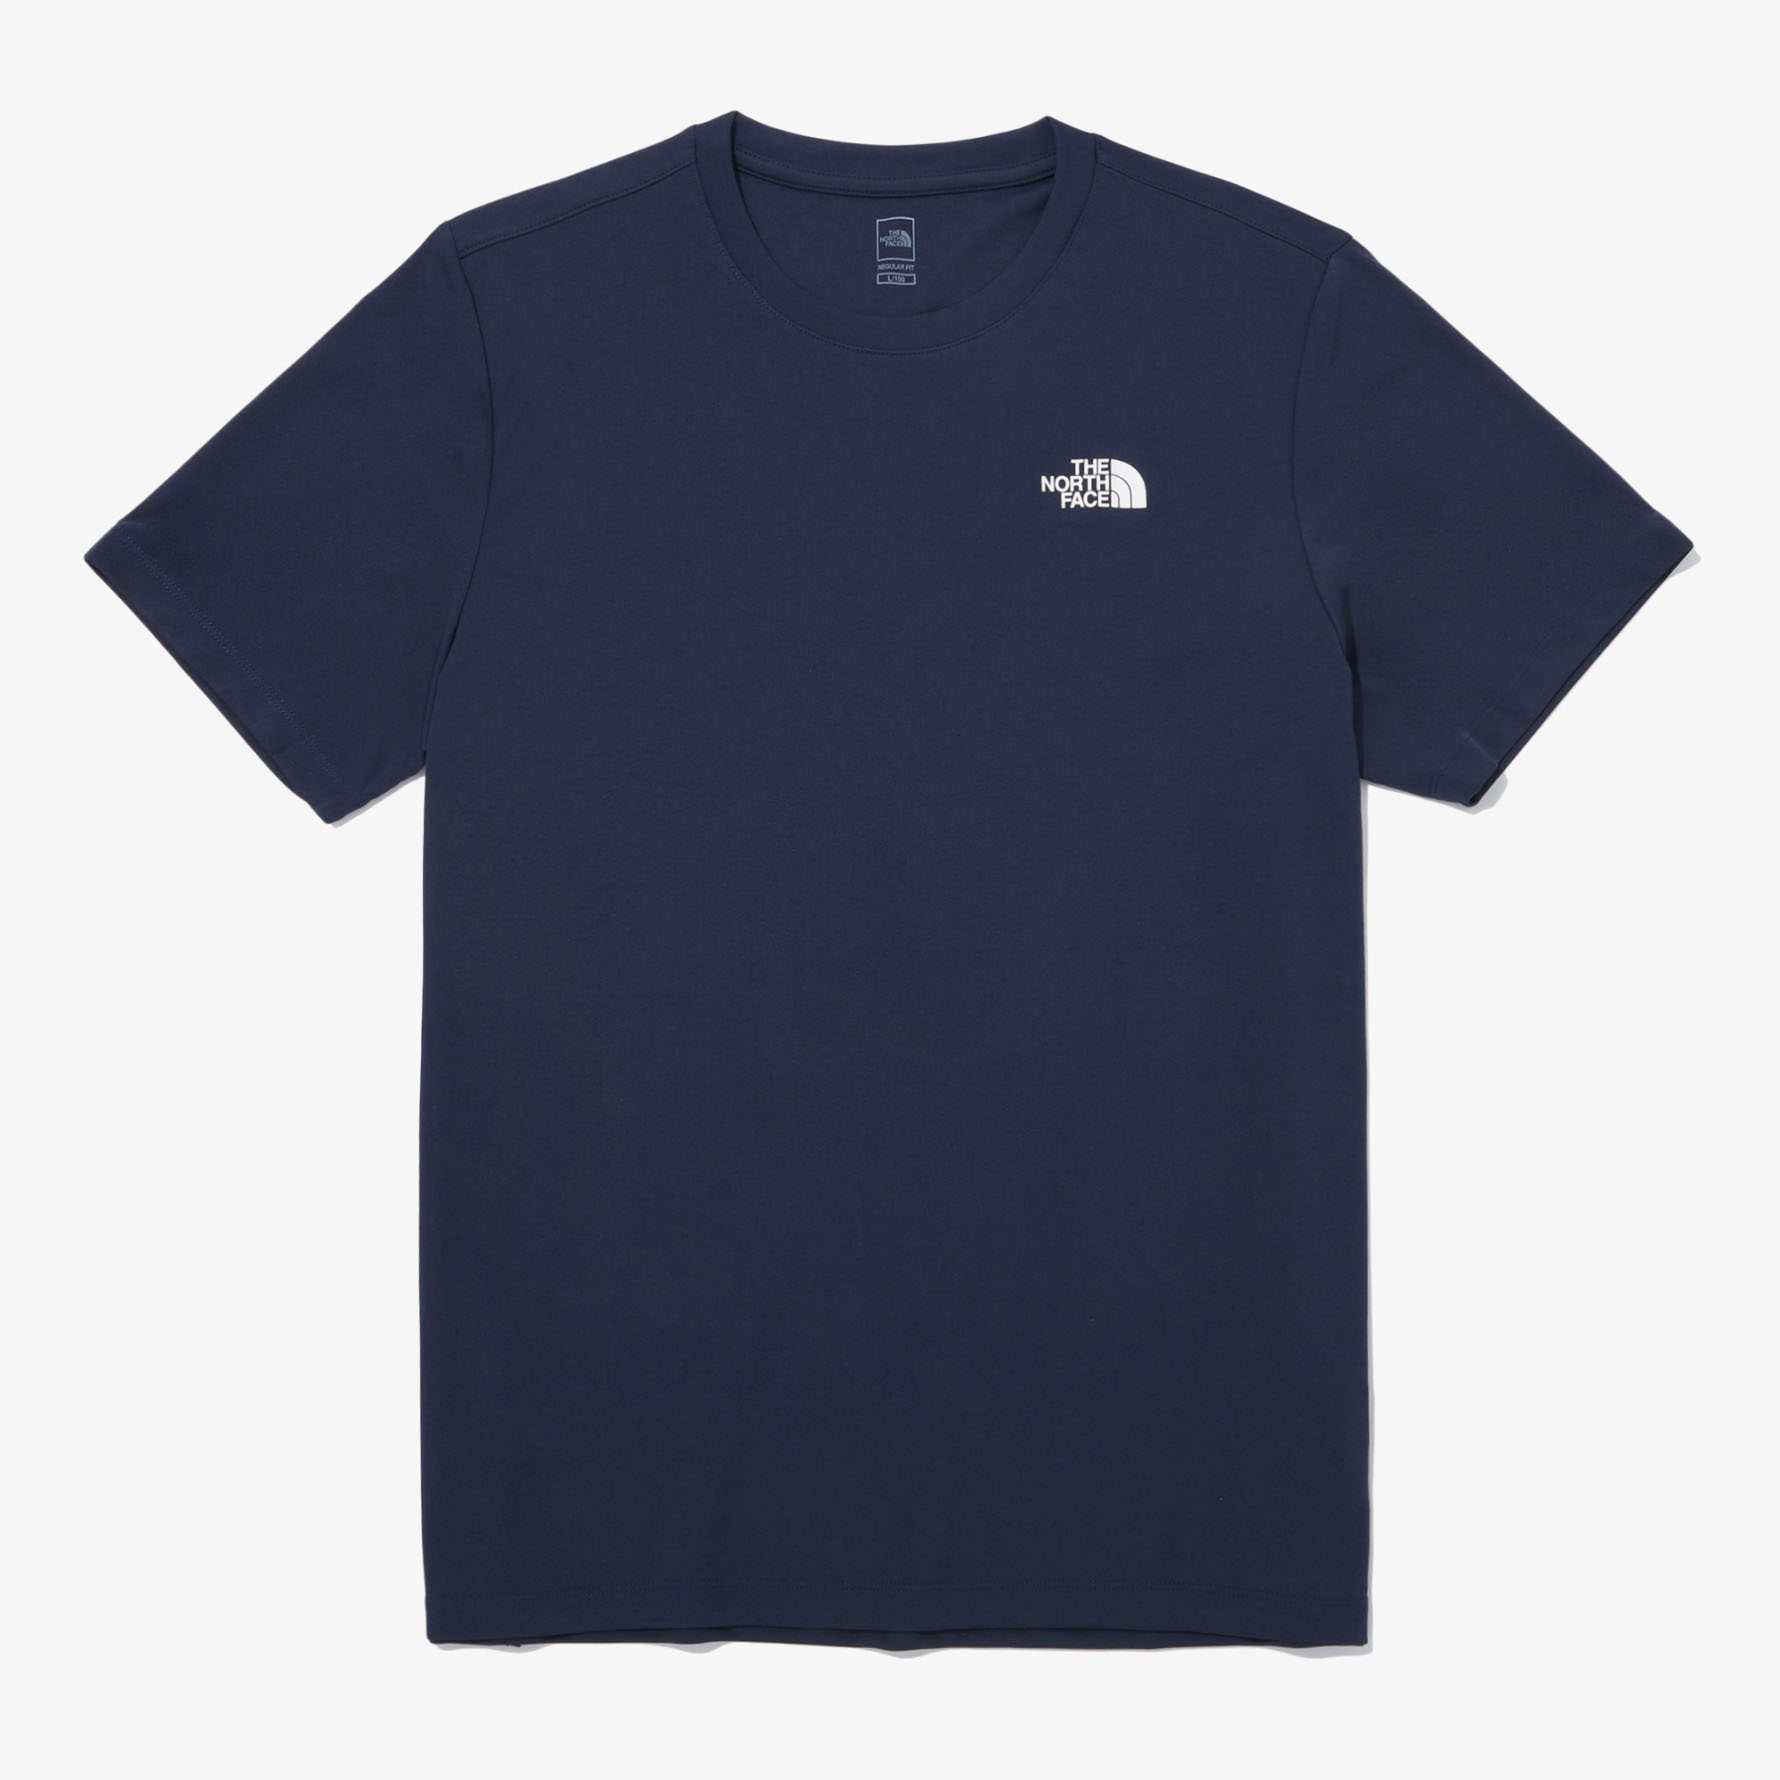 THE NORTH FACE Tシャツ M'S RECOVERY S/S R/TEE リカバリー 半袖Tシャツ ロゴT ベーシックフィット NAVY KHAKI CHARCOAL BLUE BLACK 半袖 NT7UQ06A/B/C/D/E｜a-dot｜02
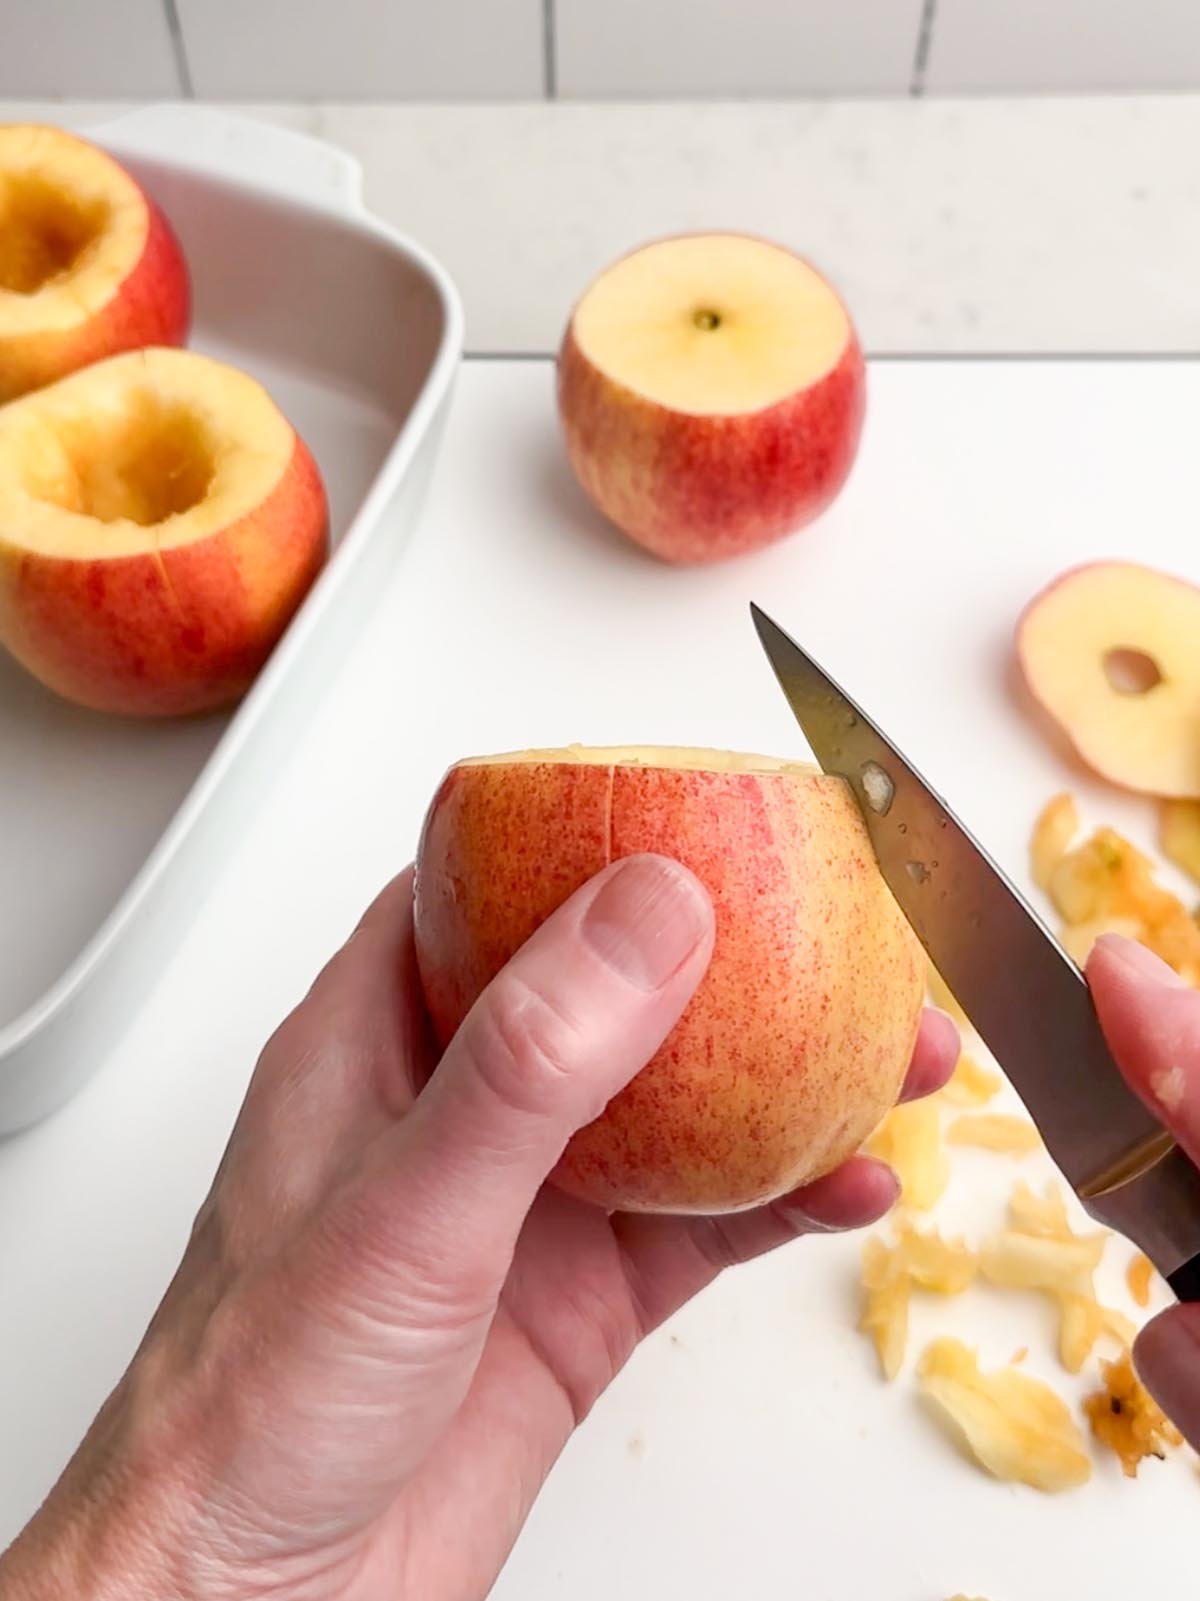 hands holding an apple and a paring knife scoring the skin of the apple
==
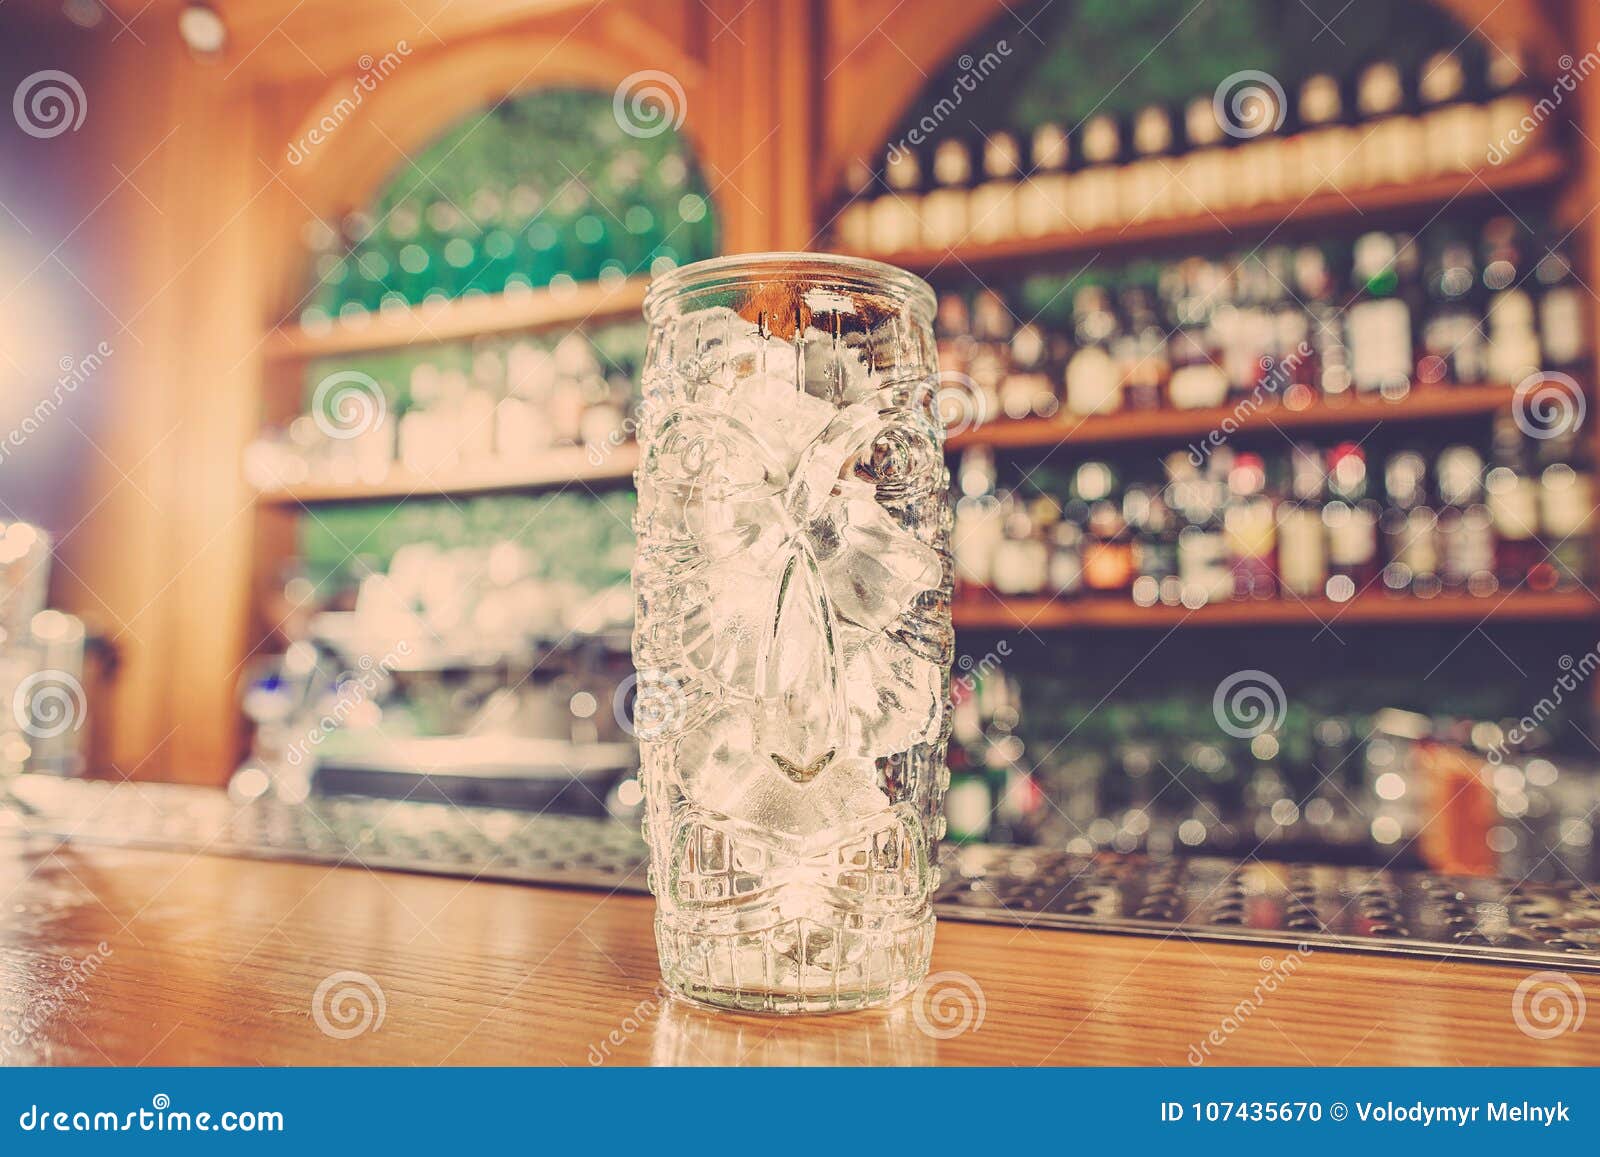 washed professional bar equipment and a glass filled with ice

■ **DIRECTIONS**:
Beginning with the line above that contains "THE NORTH FACE" and ending with the line that contains "hands holding an", quote each line exactly, keeping out the pictures.

■ **RESPONSE**:
 THE NORTH FACE Tシャツ M'S RECOVERY S/S R/TEE リカバリー 半袖Tシャツ ロゴT ベーシックフィット NAVY KHAKI CHARCOAL BLUE BLACK 半袖 NT7UQ06A/B/C/D/E｜a-dot｜02
 hands holding an apple and a paring knife scoring the skin of the apple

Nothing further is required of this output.